Gary kept his eyes down, careful not to make eye contact with me or Adam, and led the way back through the house. I wondered what I would have seen in his eyes if he’d let me look. Because he wouldn’t have hidden his eyes just to avoid offending someone; coyotes don’t run that way.

As soon as we were all outside, Adam surged to the front of our little parade. He rounded the end of the house, where the gate to the back had been ripped off and thrown to the side. The rest of the fence was a thick hedge, so it was impossible to see what was in the backyard until we were right on top of it.

Gary made a noise, but Lucia just walked into the middle of the bloody mess in her backyard and knelt beside her big white Amstaff and closed the dead dog’s eyes.

There were ten chain-link kennels in the yard, taking up exactly half the space. Each had a doghouse with an extended roof that gave the dogs outdoor space and still had some protection from the weather. The other half of the yard was lawn, mowed to golf-course neatness.

It must have been neat and tidy, even pretty, before someone had killed all the dogs and left. The gates of eight of the kennels had been ripped off their hinges and thrown willy-nilly. Some of them could have been rehung with new hinges, but some of them were badly damaged. One had been crumpled into a ball.

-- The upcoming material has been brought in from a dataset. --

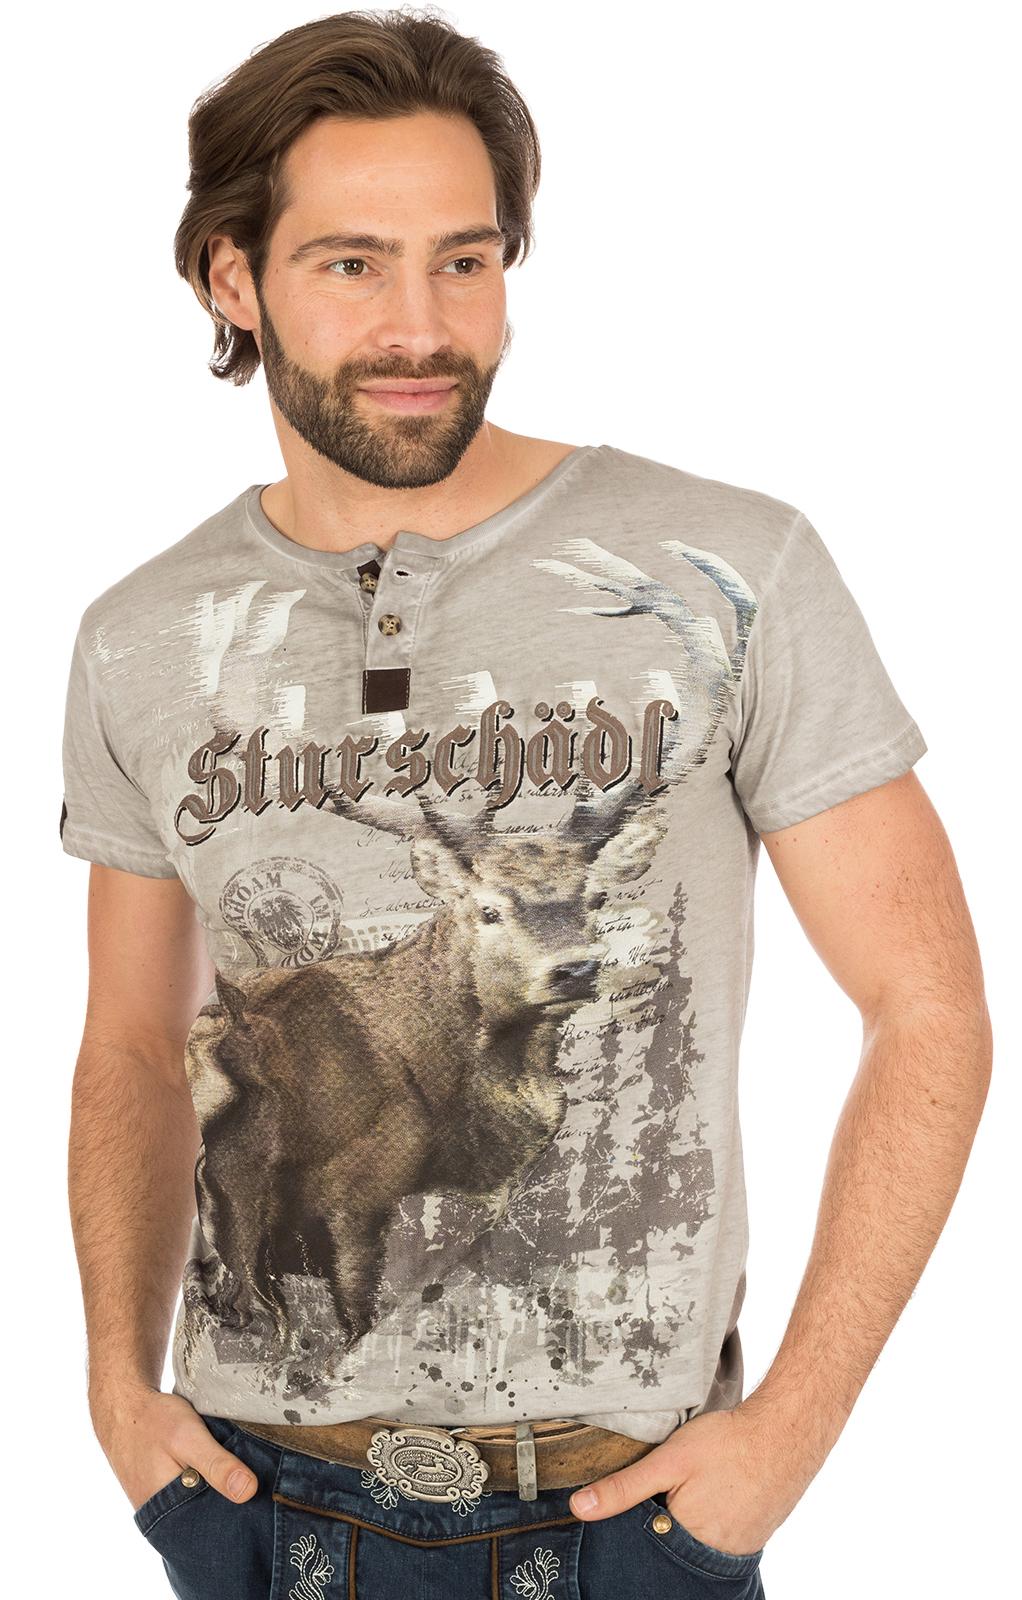 Trachten T-Shirt M28 STURSCHÄDL grau von Marjo
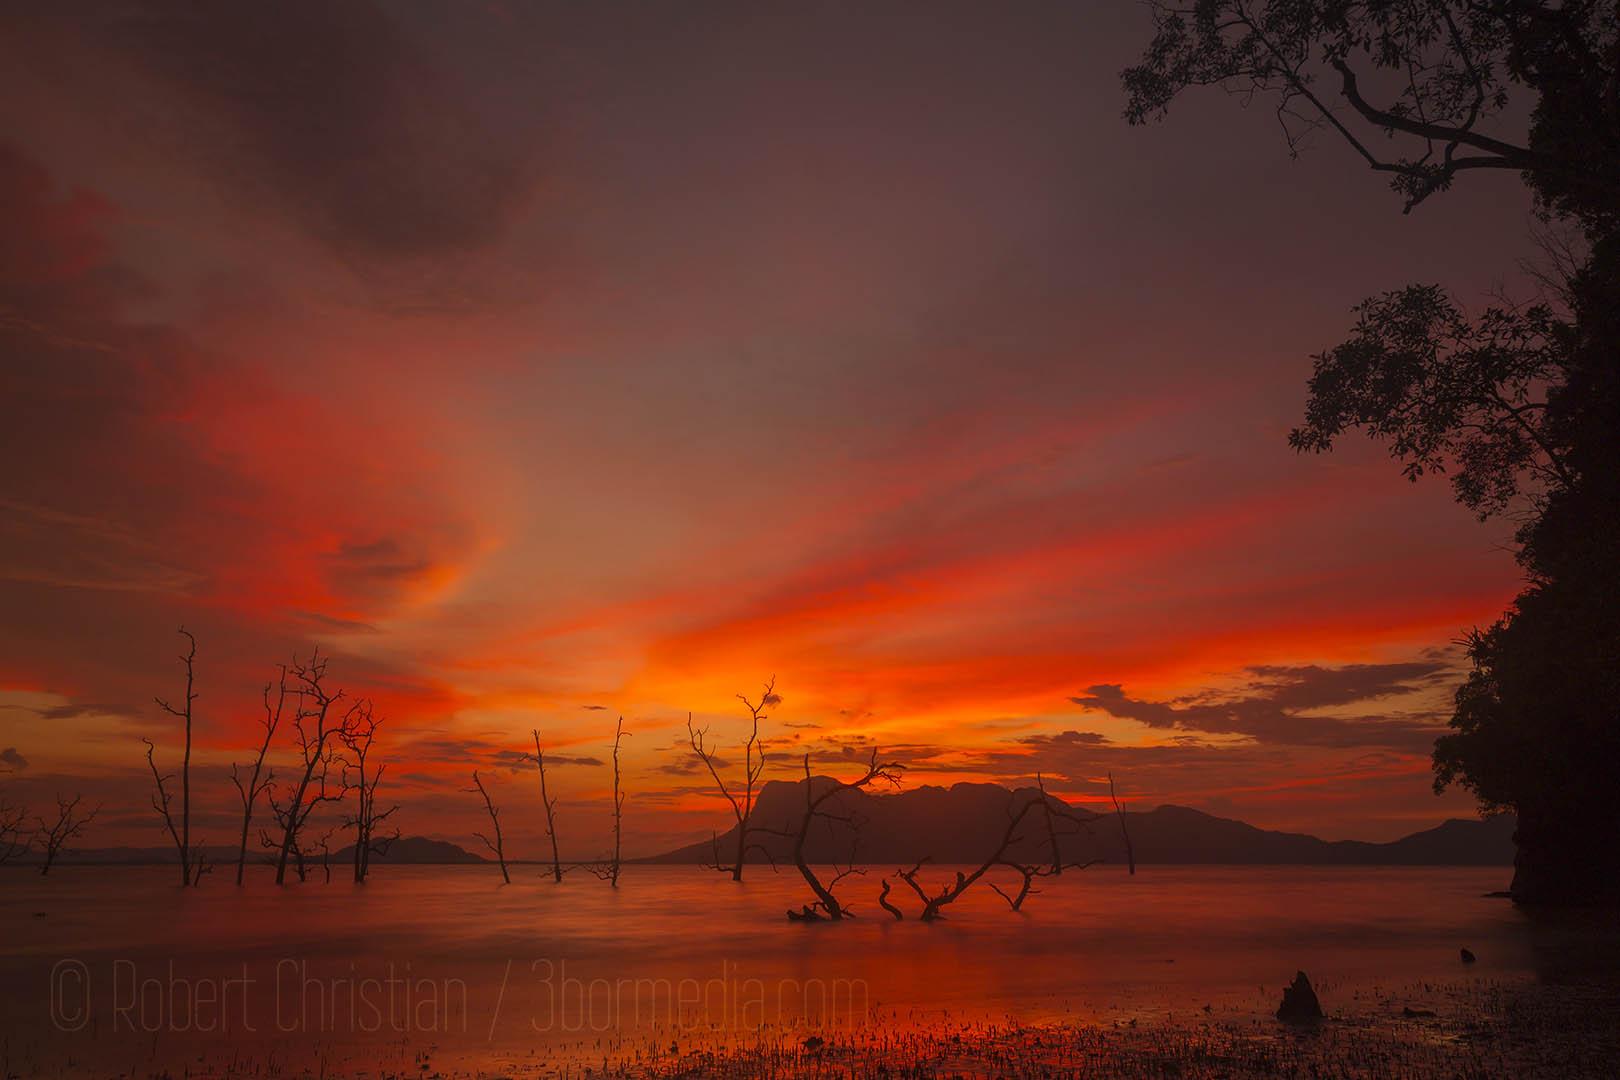 Beautiful sun setting behind the Santubong peninsula seen from Bako National Park.

In front of the kennels, eight dogs lay on their sides, each with a single deep wound that had laid open their necks. I recognized the dog that had put his head on my knee and blinked back tears.

“I hate it when the dog dies at the end,” said Gary, his voice tight. He slapped the chain-link wall of a kennel. “I tore up my copy of Old Yeller and threw it away.”

Lucia didn’t flinch at the noise, just rubbed her dead dog’s uncropped ears.

Adam gave me a sharp look, like there was something I wasn’t seeing. I looked again and drew in a breath. The dogs were laid out, staged just like the women Guayota had killed. But this staging wasn’t for us, there was a formality here, each dog in front of its kennel.